Normalization
The only single white space characters allowed are normal space and non-break-space.
Rationale
A tiny change in white-space[-ish] characters will make a phrase lookup fail erroneously.
The only other purpose of allowing characters like this would be formatting which should not be part of a phrase.
Such formatting is not applicable to all contexts (e.g. HTML)
Since it is not a translatable entity translators are likley to miss it and break your format.
Same text with different formatting becomes a new, redundant, phrase.
Doing internal formatting via bracket notation’s output() methods address the first 2 completely and the third one most of the time (it can be “completely” if you give it a little thought first).
It is easy for a developer to miss the subtle difference and get it wrong.
Surrounding whitespace is likely a sign that partial phrases are in use.

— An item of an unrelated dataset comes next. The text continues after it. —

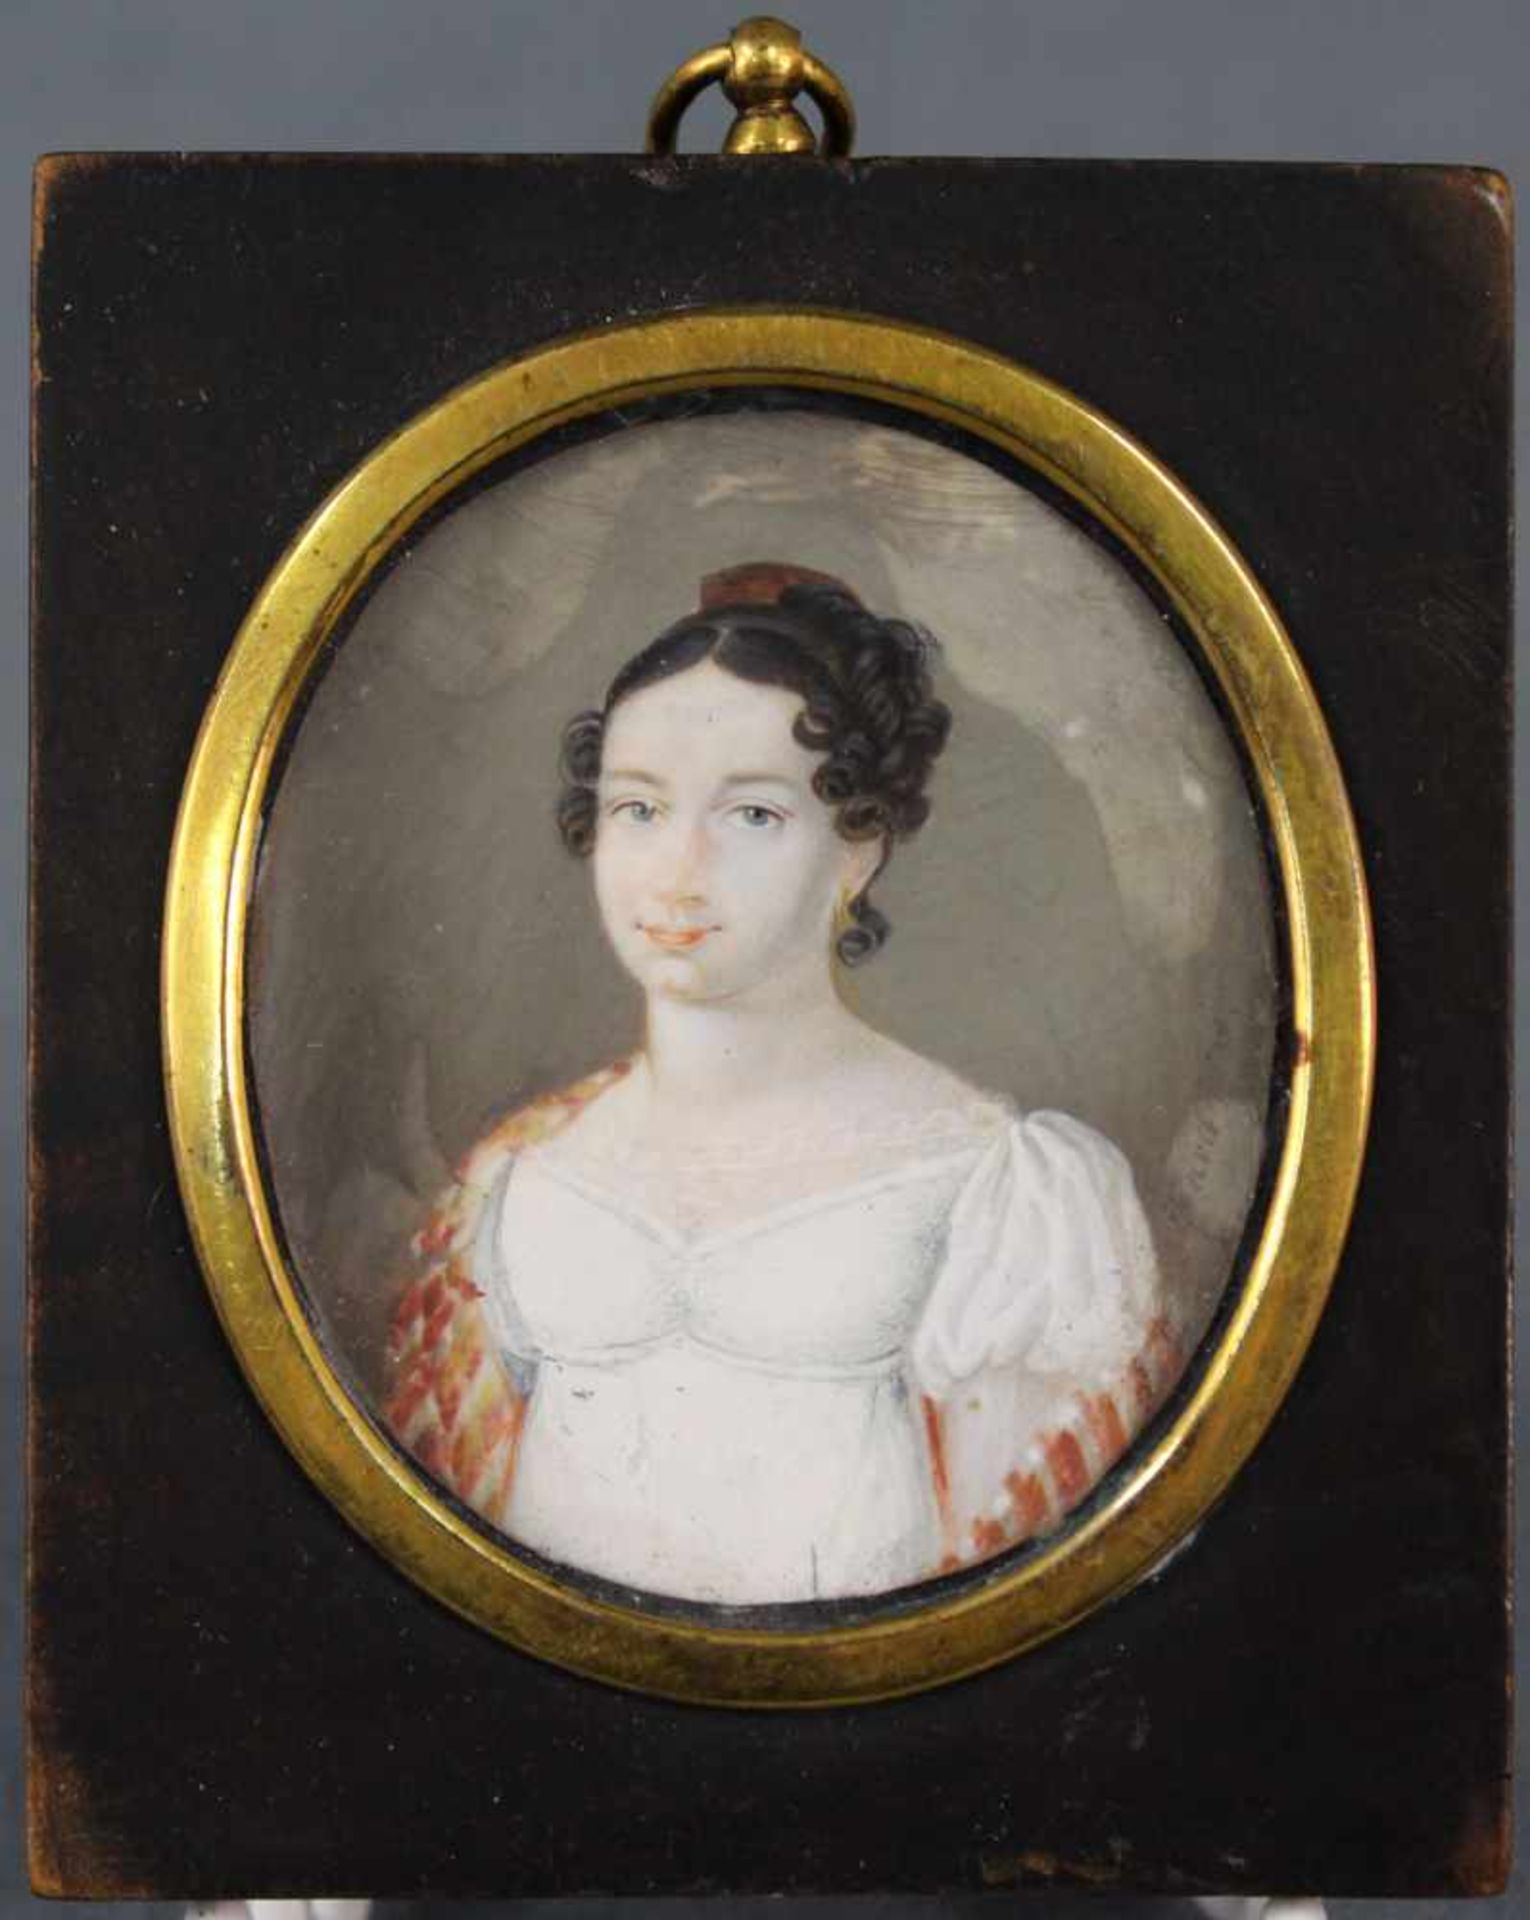 MINIATURIST (XVIII). Portrait einer Dame.64 mm x 54 mm oval. Gemälde, wohl Gouache auf Elfenbein.

That being the case we simplify consistently by using single space and non-break-space characters inside the string (and the beginning if it starts with an ellipsis).
possible violations
- Invalid whitespace-like characters
-
The string contains white space characters besides space and non-break-space, invisible characters, or control characters.
These will be turned into “[comment,invalid char UxNNNN]” (where NNNN is the Unicode code point) so you can find them visually.
- Beginning white space
-
These are removed.
This accounts for strings beginning with an ellipsis which should be preceded by one space.
- Beginning ellipsis space should be a normal space
-
If a string starts with an ellipsis it should be a normal space. A non-break-space implies formatting or concatenation of 2 partial phrases, ick!
- Trailing white space
-
These are removed.
- Multiple internal white space
-
These are collapsed into a single space.
possible warnings
None